Windstorm and hurricane losses account for an inordinate share of homeowners losses every year. In particular, people on the southeastern and central eastern seaboard and the Gulf Coast face substantial loss exposures to hurricanes and tropical storms. There are, however, steps you can take concerning your home that can reduce your exposure to these losses. These include risk control measures to four critical parts of your home susceptible to high wind damage — the roof, windows, entry doors, and garage doors.

* Roof — The installation and design of a roof is a critical factor concerning protection from high winds and hurricanes. For example, the roof sheathing (the boards or plywood nailed to the roof rafters or

trusses) can fail during a hurricane if not property installed. If many of the nails have missed the rafters, additional nailing is necessary. The sheathing on your roof should comply with the current building codes. In wind-prone areas, many building codes require six nails per shingle rather than four. Adding screws between the nails can also provide reinforcement.

In addition, gables need to be tightly attached and reinforced to the frame walls.

Lastly, hurricane clips should be considered in hurricane-prone areas.

These clips help prevent mammoth winds from ripping the roof off a house.

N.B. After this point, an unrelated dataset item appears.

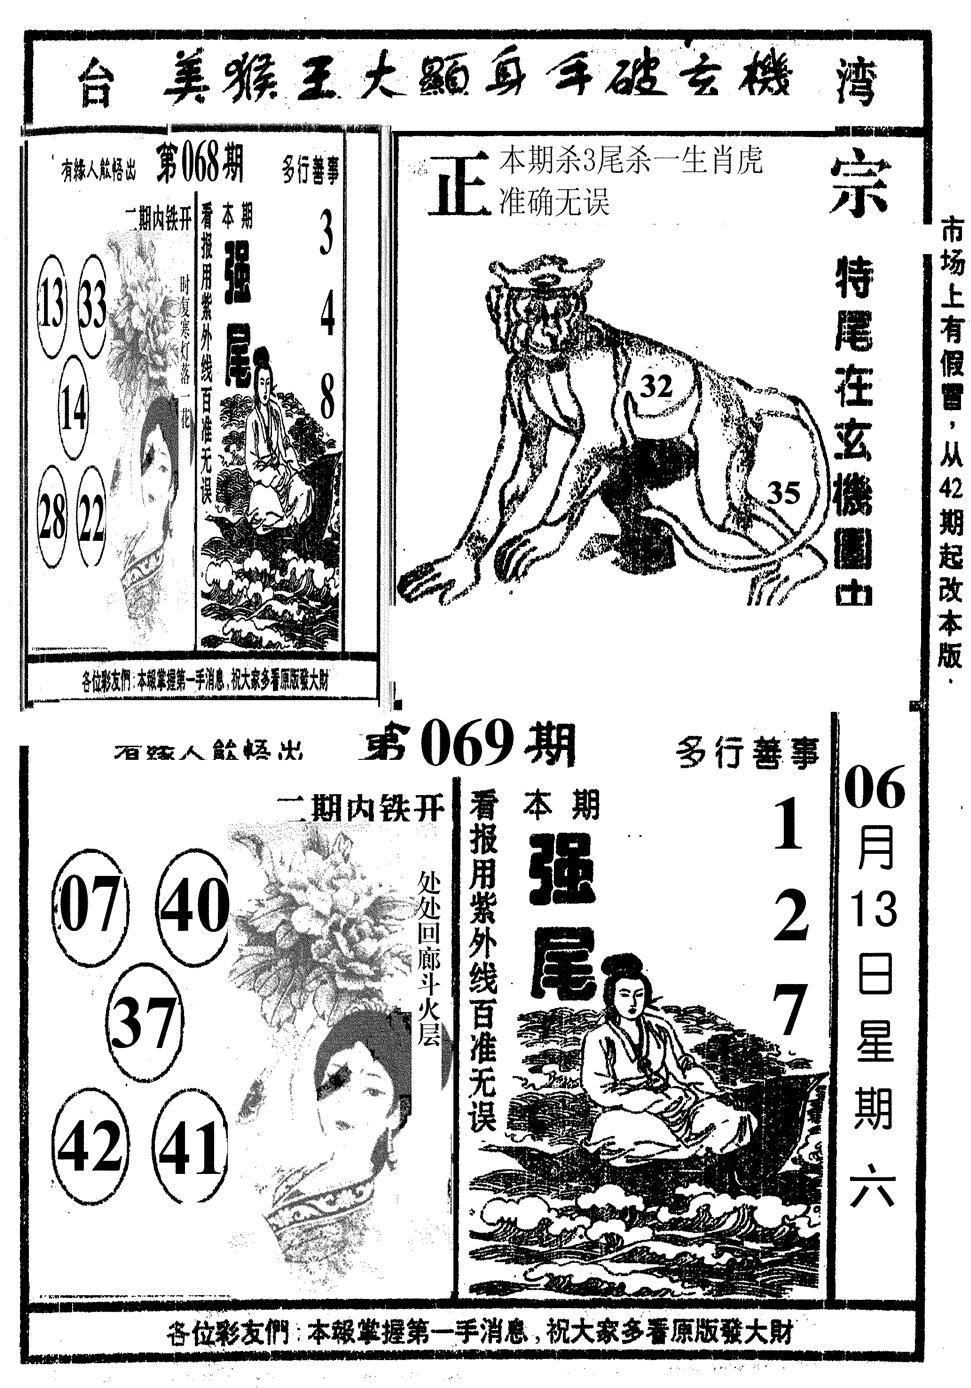 069期美猴王(黑白)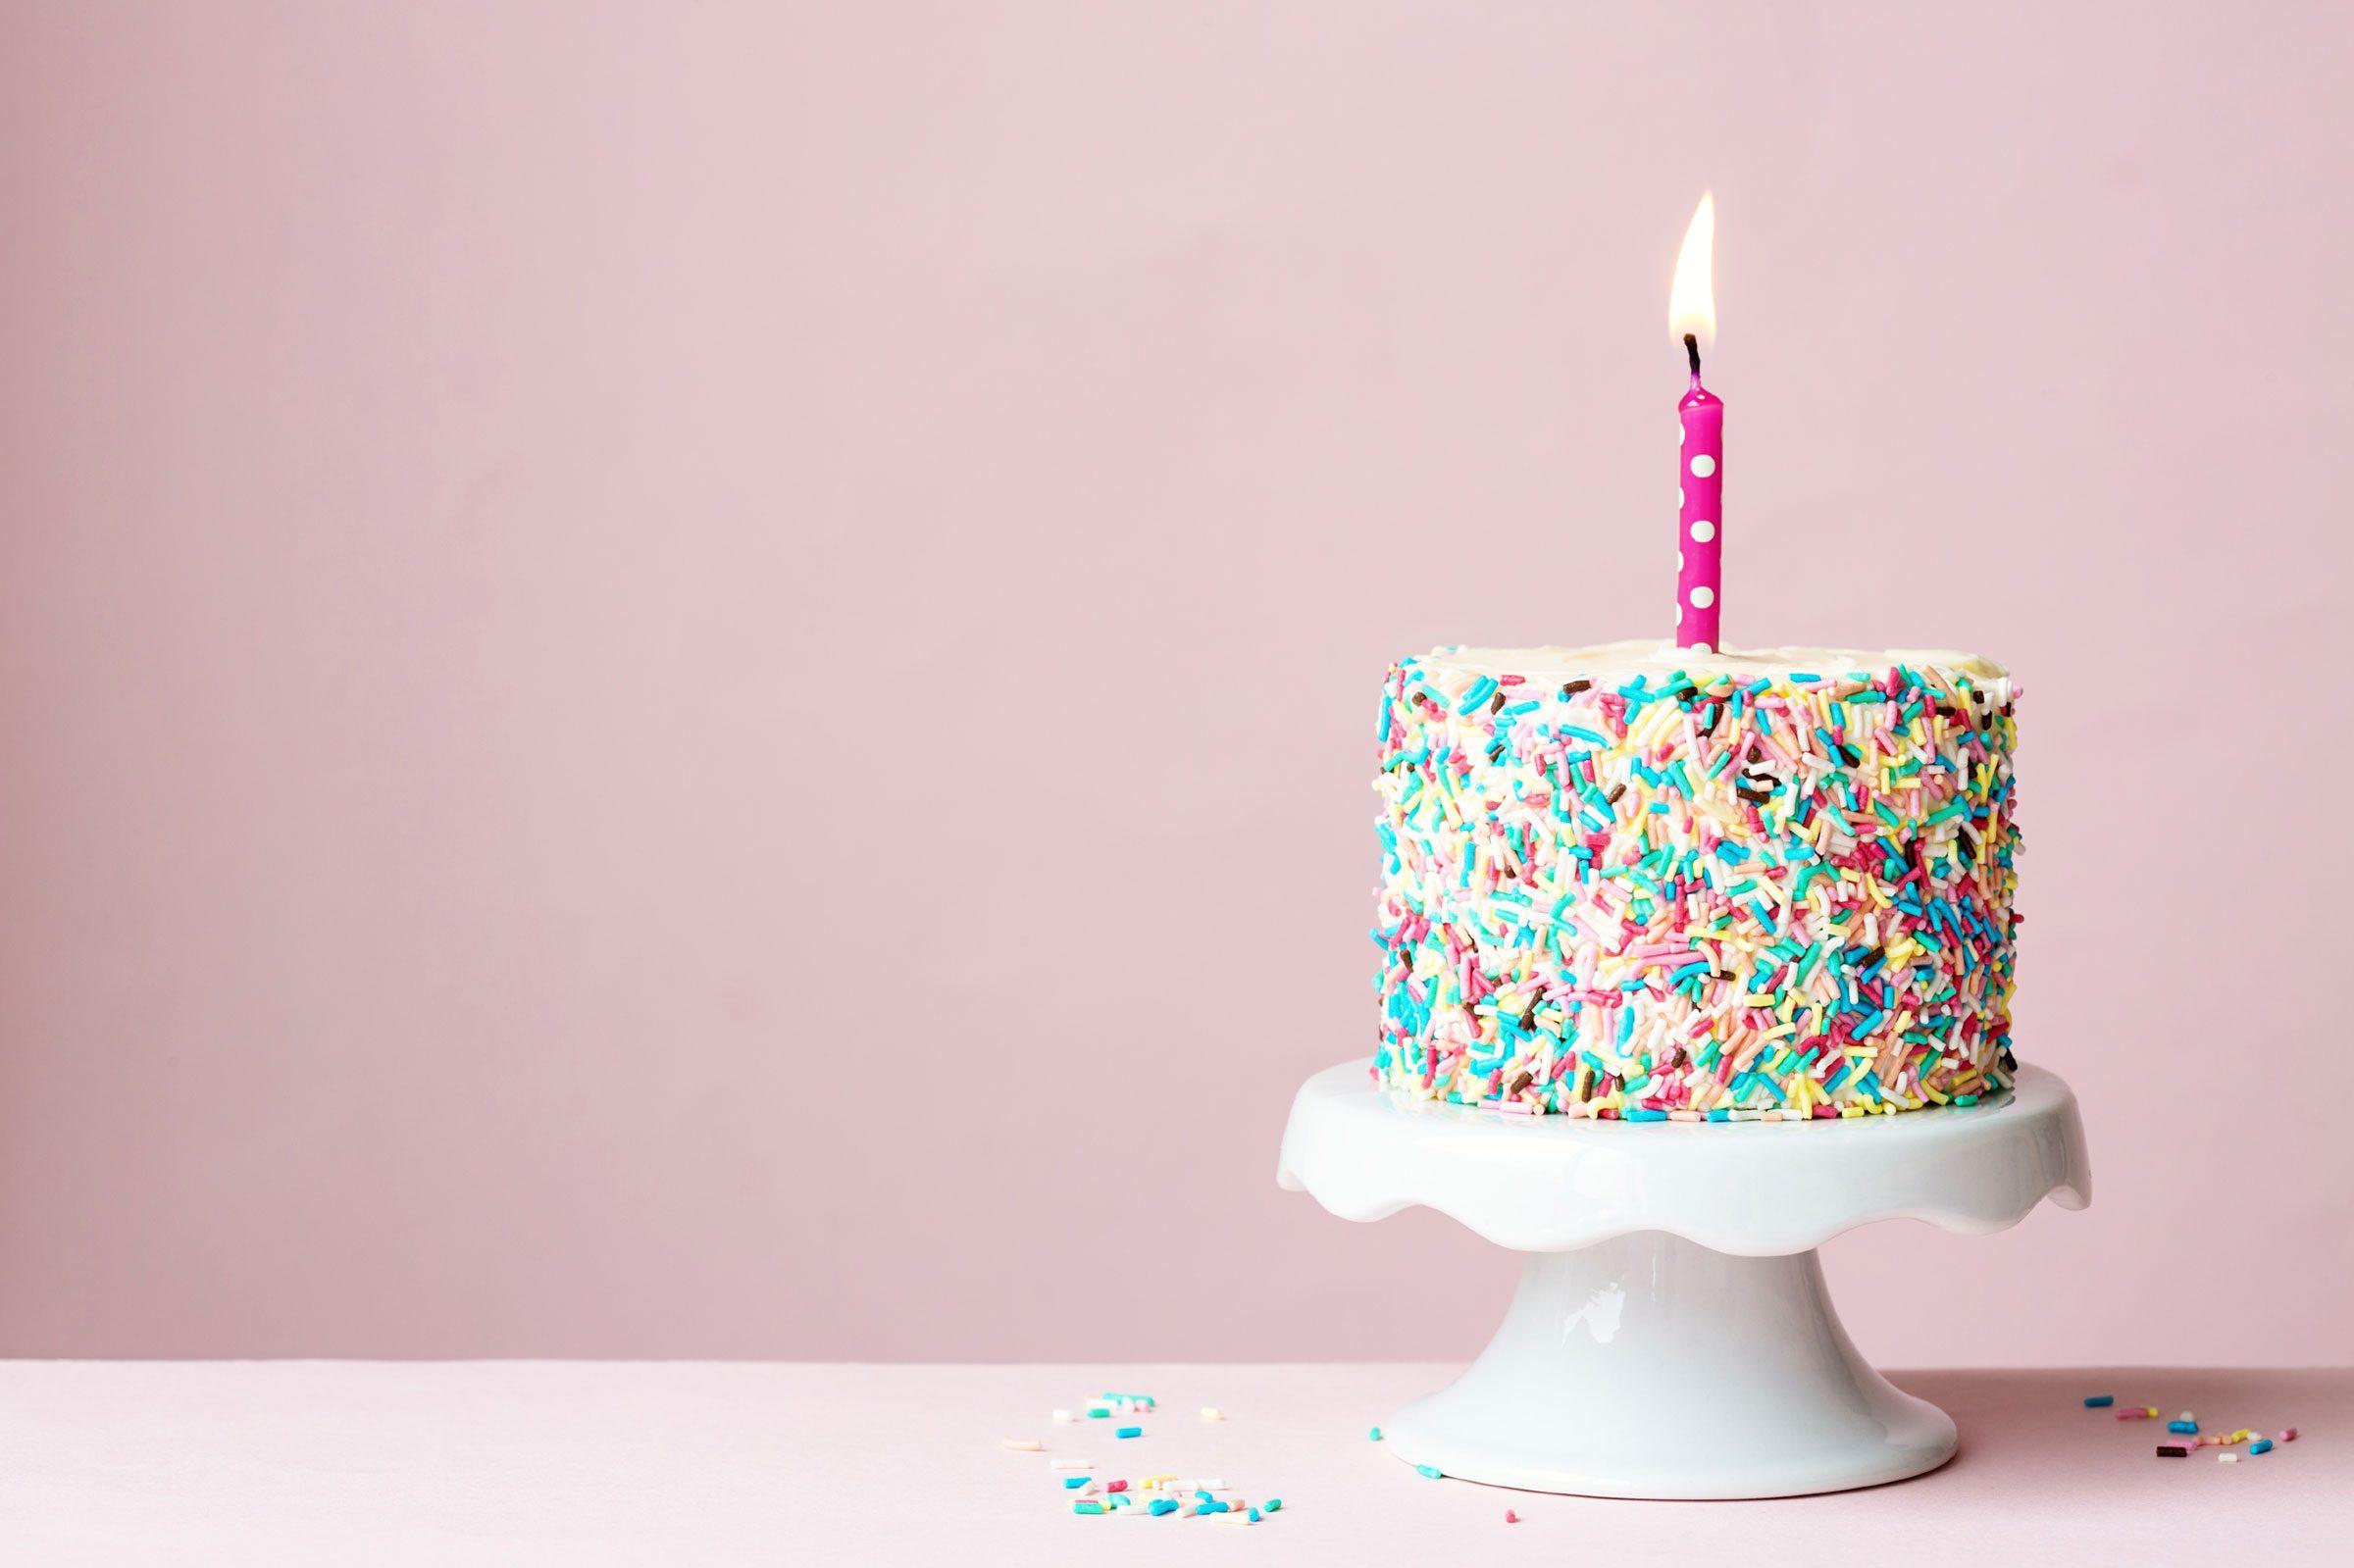 Bildergebnis für birthday to you

The clips are made of galvanized steel and are used to connect the rafters to the roof at the top of the house and the bottom part of the house to a plate that is bolted to the slab. Properly installed hurricane clips enable your roof to withstand winds of up to 100 mph.

* Windows — One way to protect your windows is to install impact-resistant shutters over all large windows and glass doors. Not only do they protect your doors and windows from wind-borne objects, but they can also reduce damage caused by sudden pressure changes when a window or door is broken. An alternative is the installation of impact-resistant windows and patio doors.

* Entry doors — Solid wood or hollow metal doors are more effective in resisting high winds. They should have at least three hinges and a dead bolt security lock.

* Garage doors — Because of their width, doublewide garage doors are more susceptible to high winds than singlewide doors. Retrofit kits are available for doublewide garage doors. These can reinforce your garage door by installing horizontal and/or vertical bracing onto each panel.

Heavier hinges can also strengthen your home.